WHAT IS EXPECTED: Please repeat the lines below exactly. Begin with the line containing "SanDisk Ultra Dual" and go on through the line containing "Delivering the next".

DATA RECORDS:
>>
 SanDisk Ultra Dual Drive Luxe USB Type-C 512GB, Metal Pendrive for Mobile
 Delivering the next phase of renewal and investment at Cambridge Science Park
<<
>>
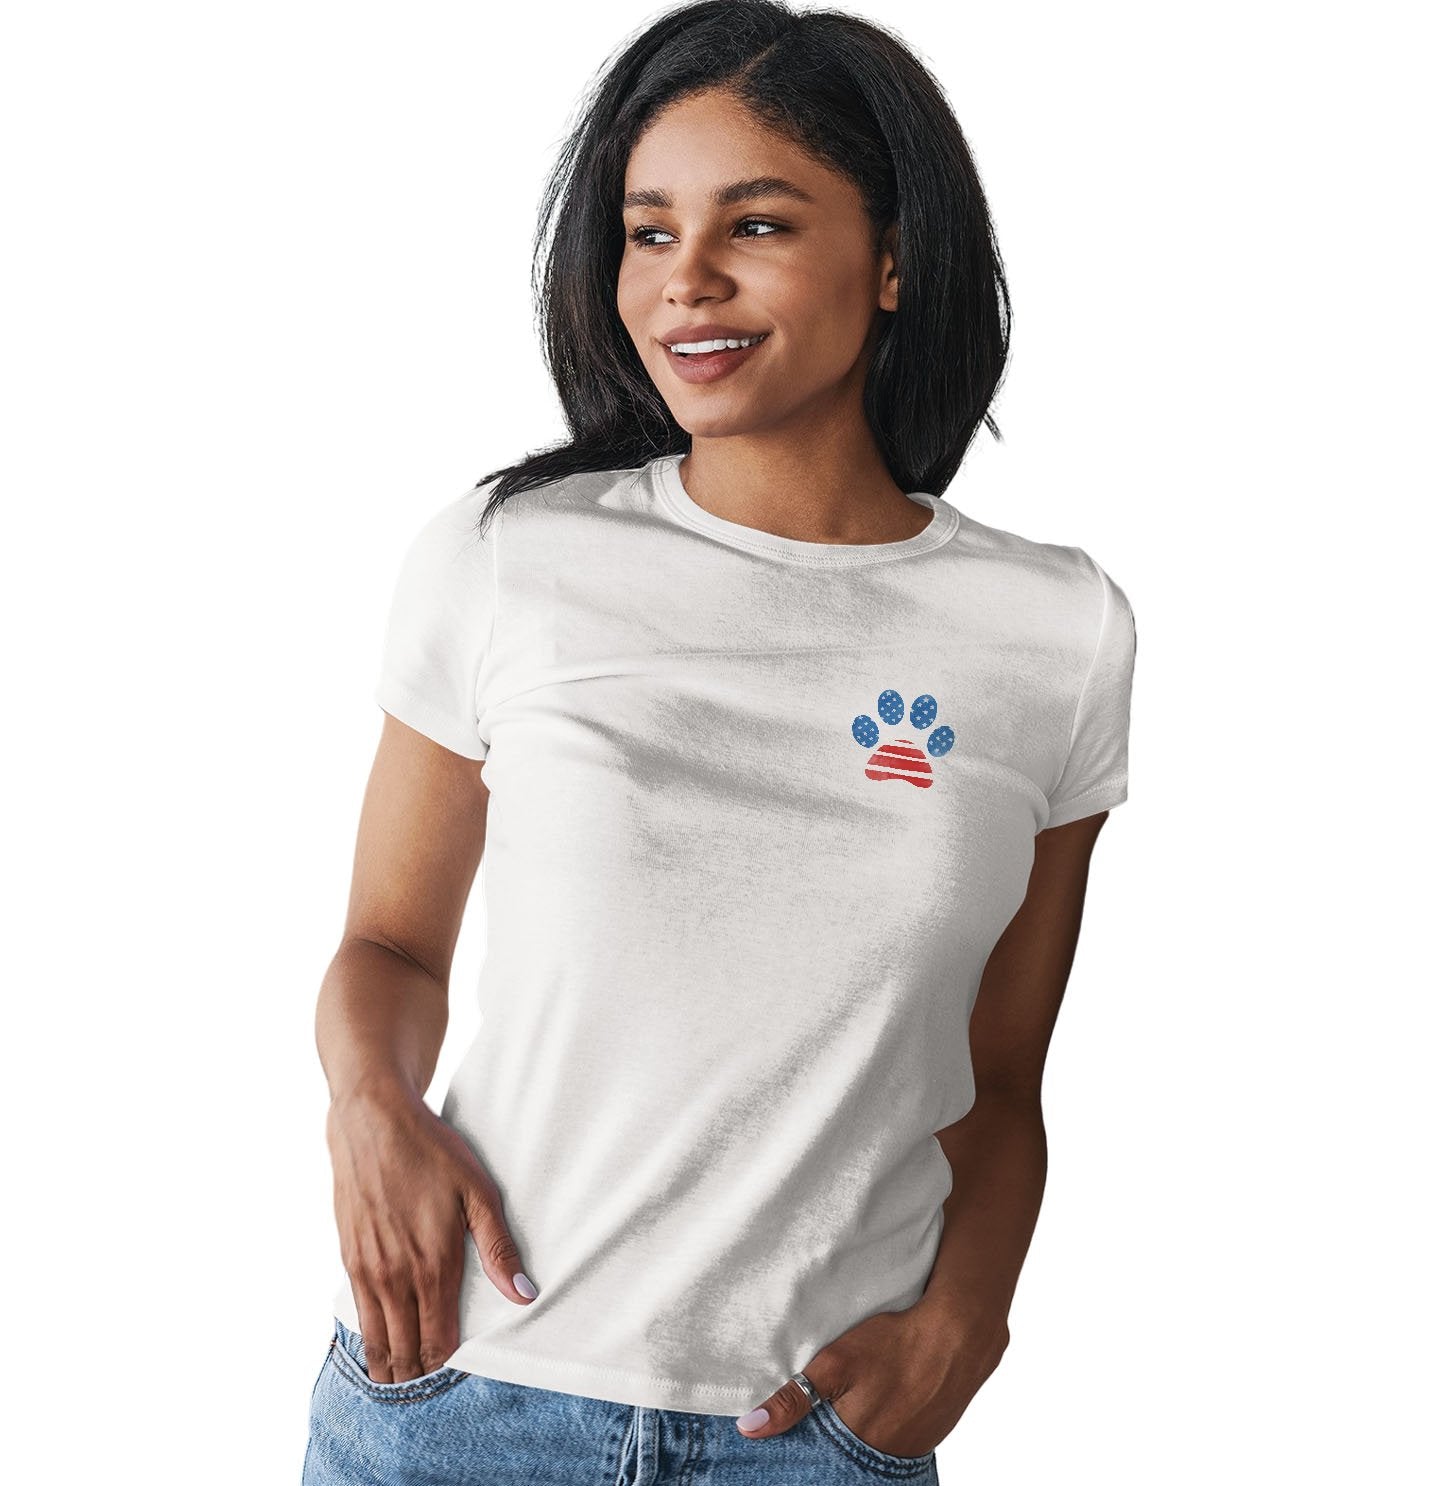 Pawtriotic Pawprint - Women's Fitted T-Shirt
<<
>>
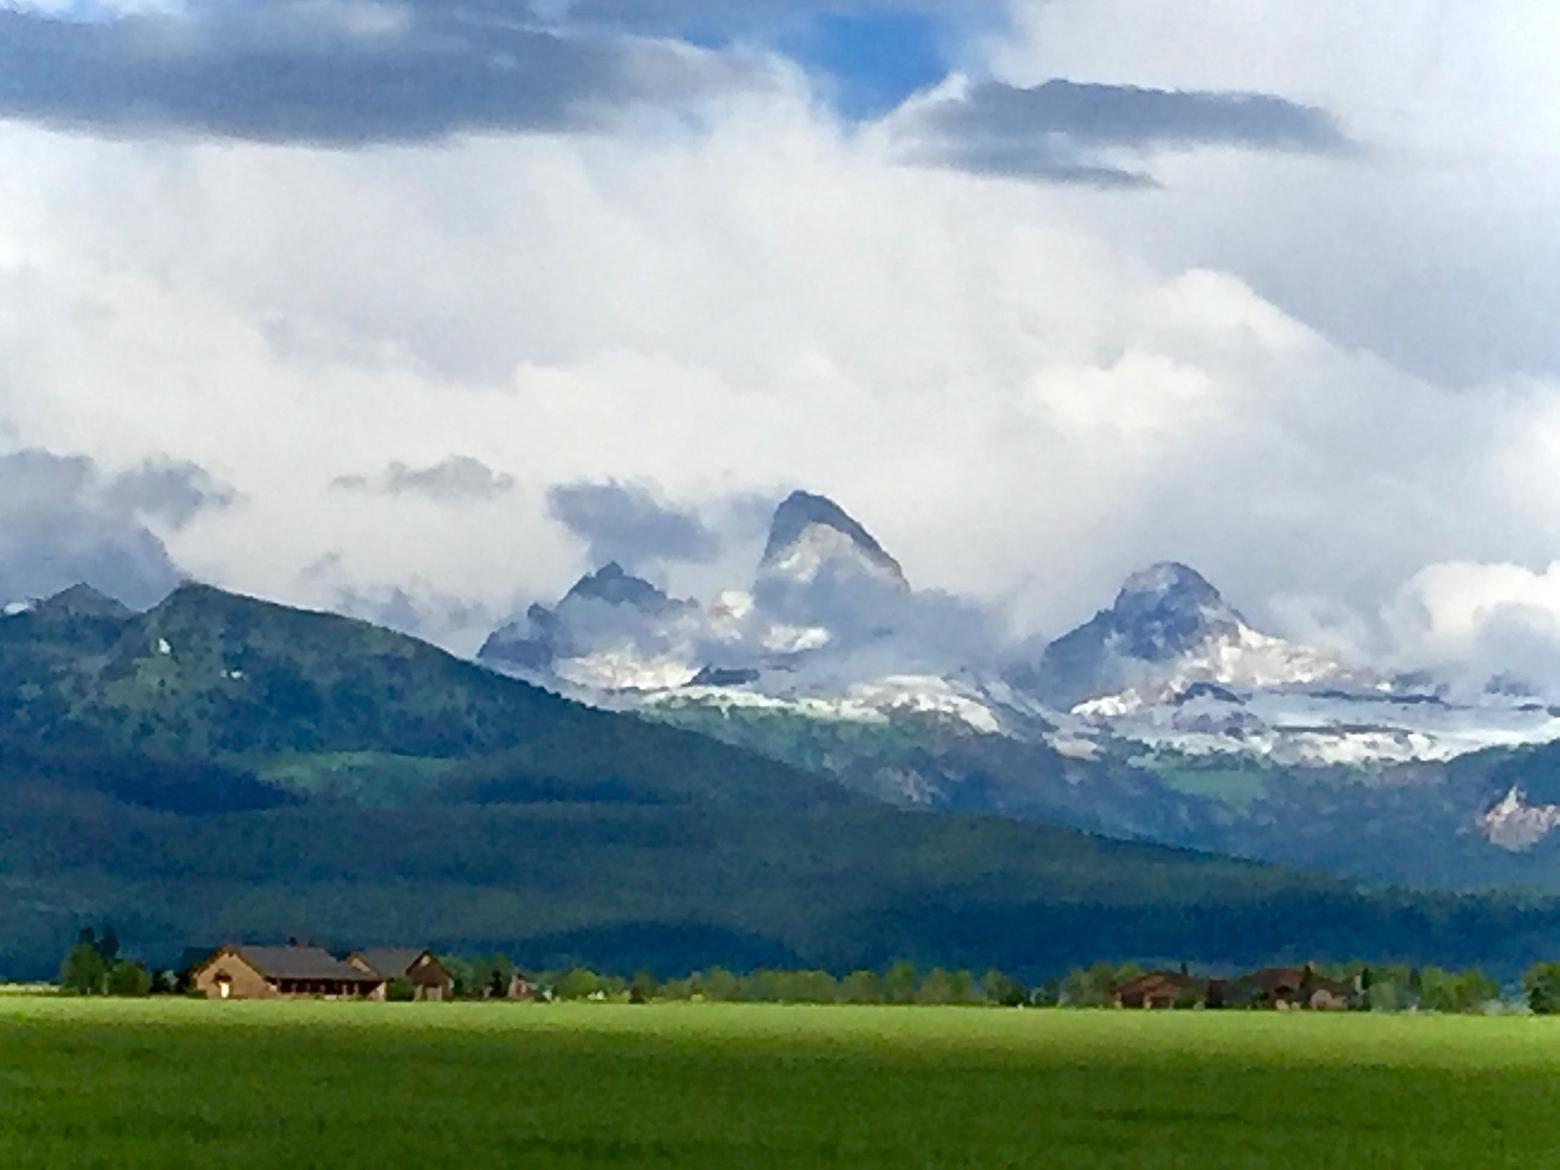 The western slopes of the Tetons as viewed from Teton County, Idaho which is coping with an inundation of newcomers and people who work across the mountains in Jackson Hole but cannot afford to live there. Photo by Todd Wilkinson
<<
FINISHED TASK:
 SanDisk Ultra Dual Drive Luxe USB Type-C 512GB, Metal Pendrive for Mobile
 Delivering the next phase of renewal and investment at Cambridge Science Park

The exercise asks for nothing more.